By the time I could rescue her, she already boiled her two hands. I thought she wanted to drink water because she was eating the rice that I cooked for her and my own children before I left the room. I quickly went to borrow N100 from a neighbour with which I bought some balm that I applied on the hands. I also gave her some drugs for her fever and she soon slept off. “When her father returned from work in the night and noticed what happened to her, he beat the hell out of me, in spite of my condition. It took the intervention of our landlord before he left me.

Since then, Esther has been staying with me at home. She has not been going to school and I’ve been doing my best to treat her. “But a few days ago, I invited a nurse, who is also a neighbour to attend to me. As a result of the miscarriage, I have been feeling very weak and I have lost a lot of blood. The nurse came and I was lying on the bed. Esther was resting on a mattress close to the bed.

The nurse came to attend to me but when she saw Esther, she looked worried and asked what happened to her. When I explained, she asked why we didn’t take her to hospital yet and I said I didn’t have the money and that I was expecting that Esther’s father would do that. “The nurse promptly attended to me and hurriedly left after examining Esther’s boiled hands for two or three times. It wasn’t long after she left that a crowd of neighbours broke into our room to see Esther.

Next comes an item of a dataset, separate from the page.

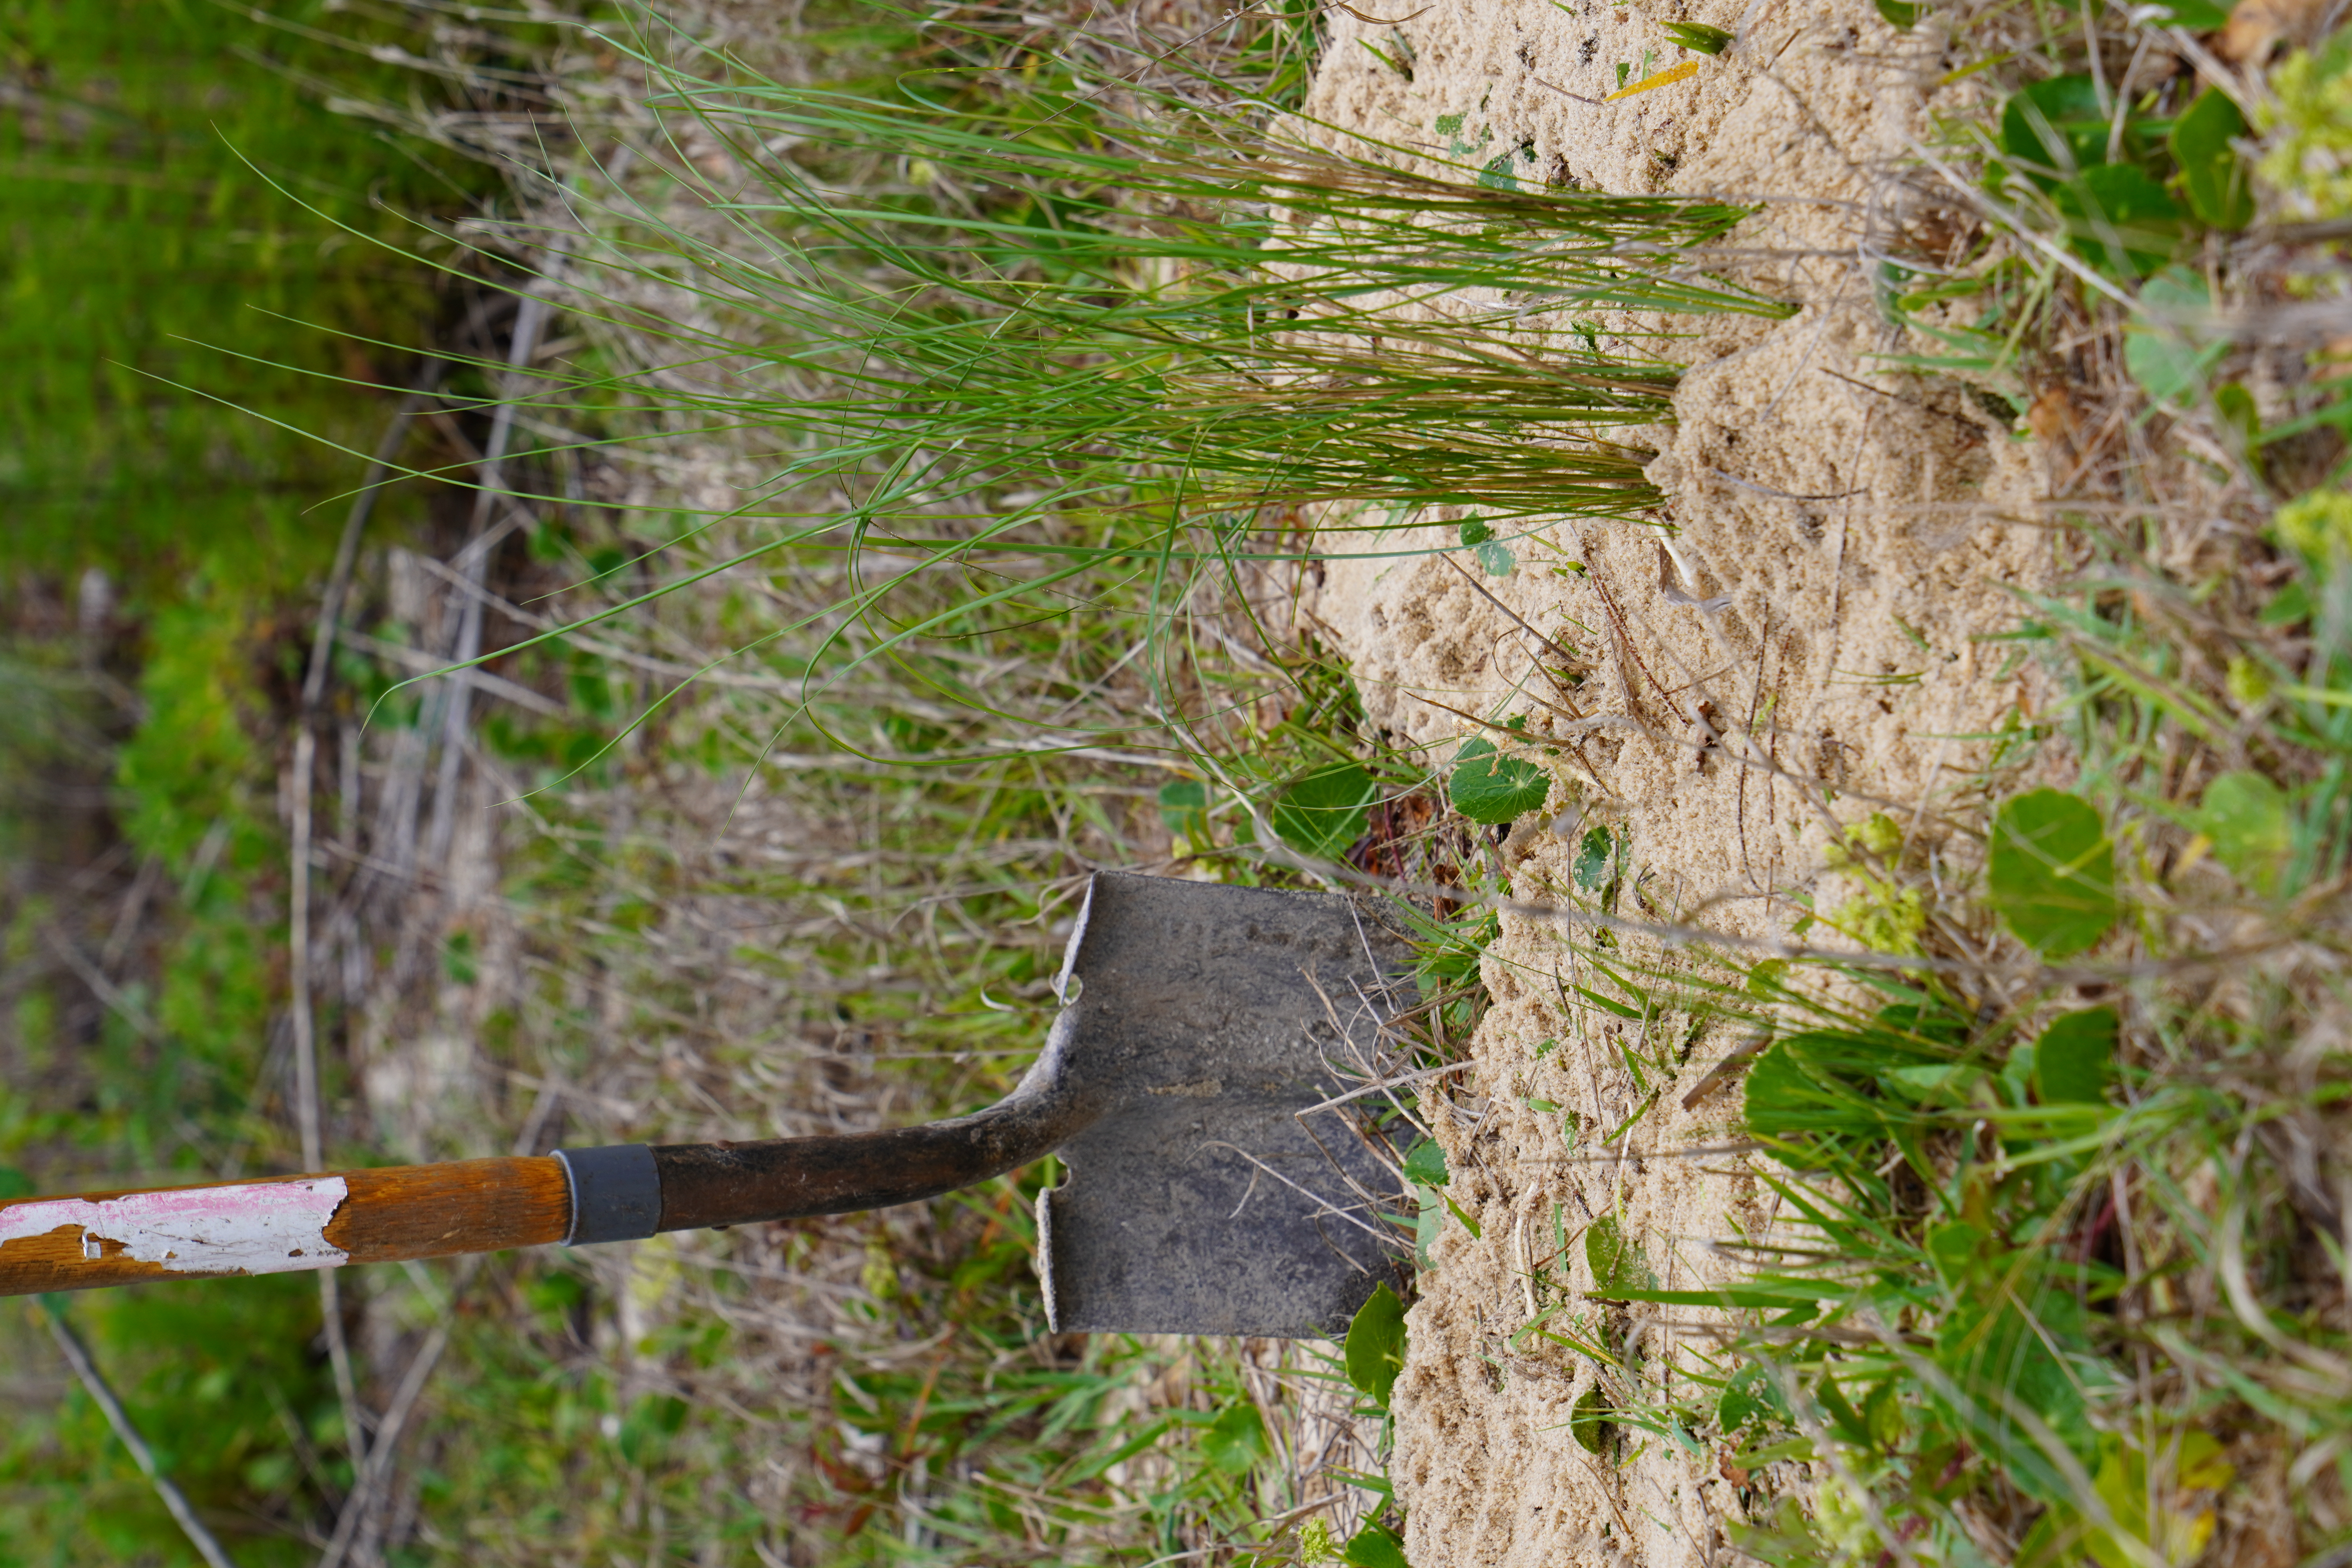 Shovel in dirt next to three planted grasses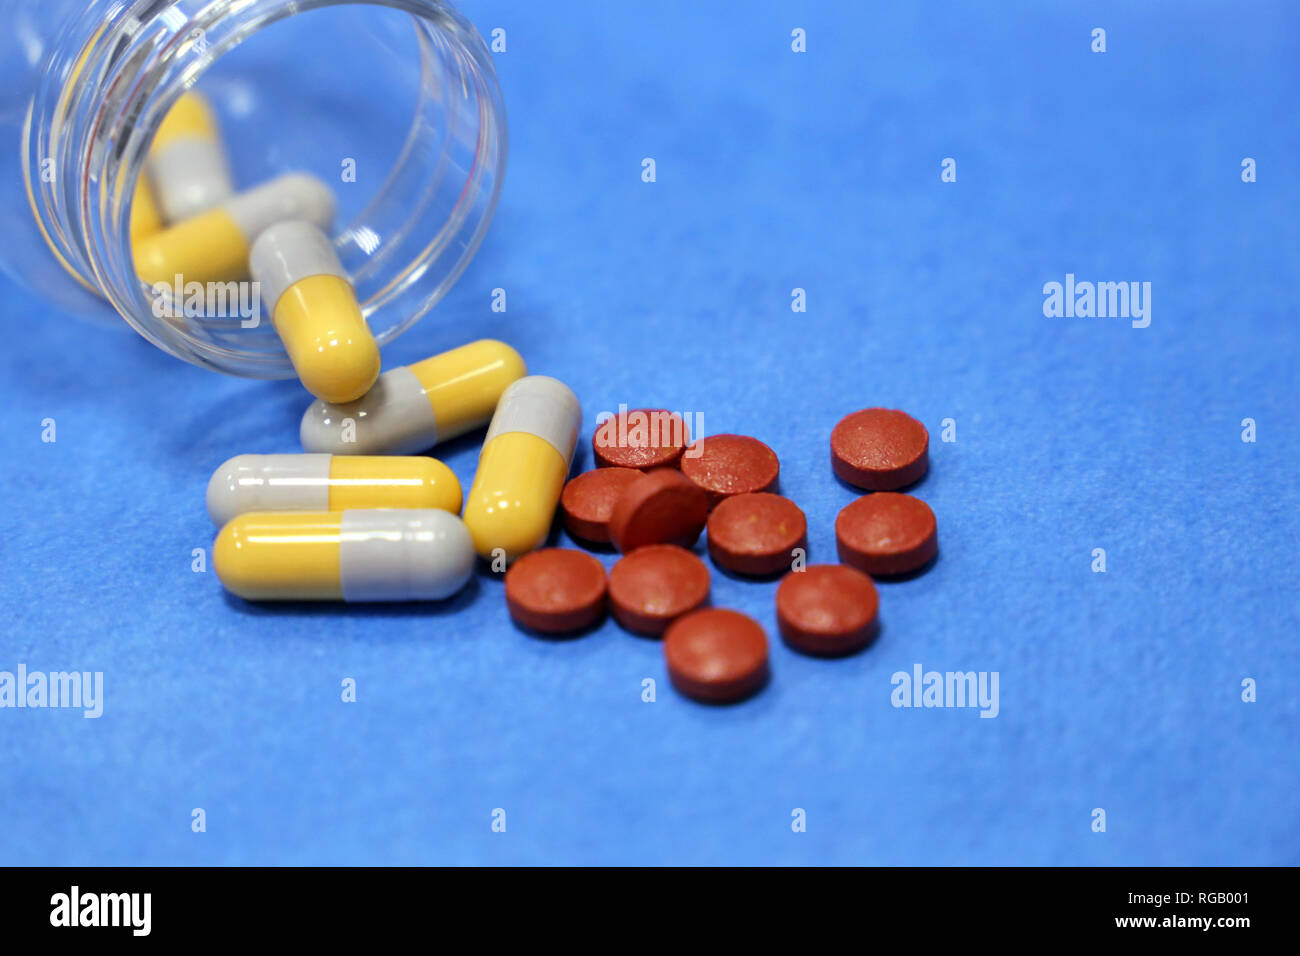 Pills and capsules in bottle on blue background. Concept of drugs, antibiotics, vitamins, pharmacy, treatment during the cold season, polypharmacy Stock Photo

They soon pounced on me and started beating me. It took the intervention of policemen, who were invited by some of them, to rescue me from the mob. I would have been lynched. They thought that I deliberately dipped her hands into boiling water. I didn’t do that at all. I have always been taking care of Esther as if I were her mother. Even people call me Mama Esther because of the way I treat her. I couldn’t have done such a terrible thing to her.”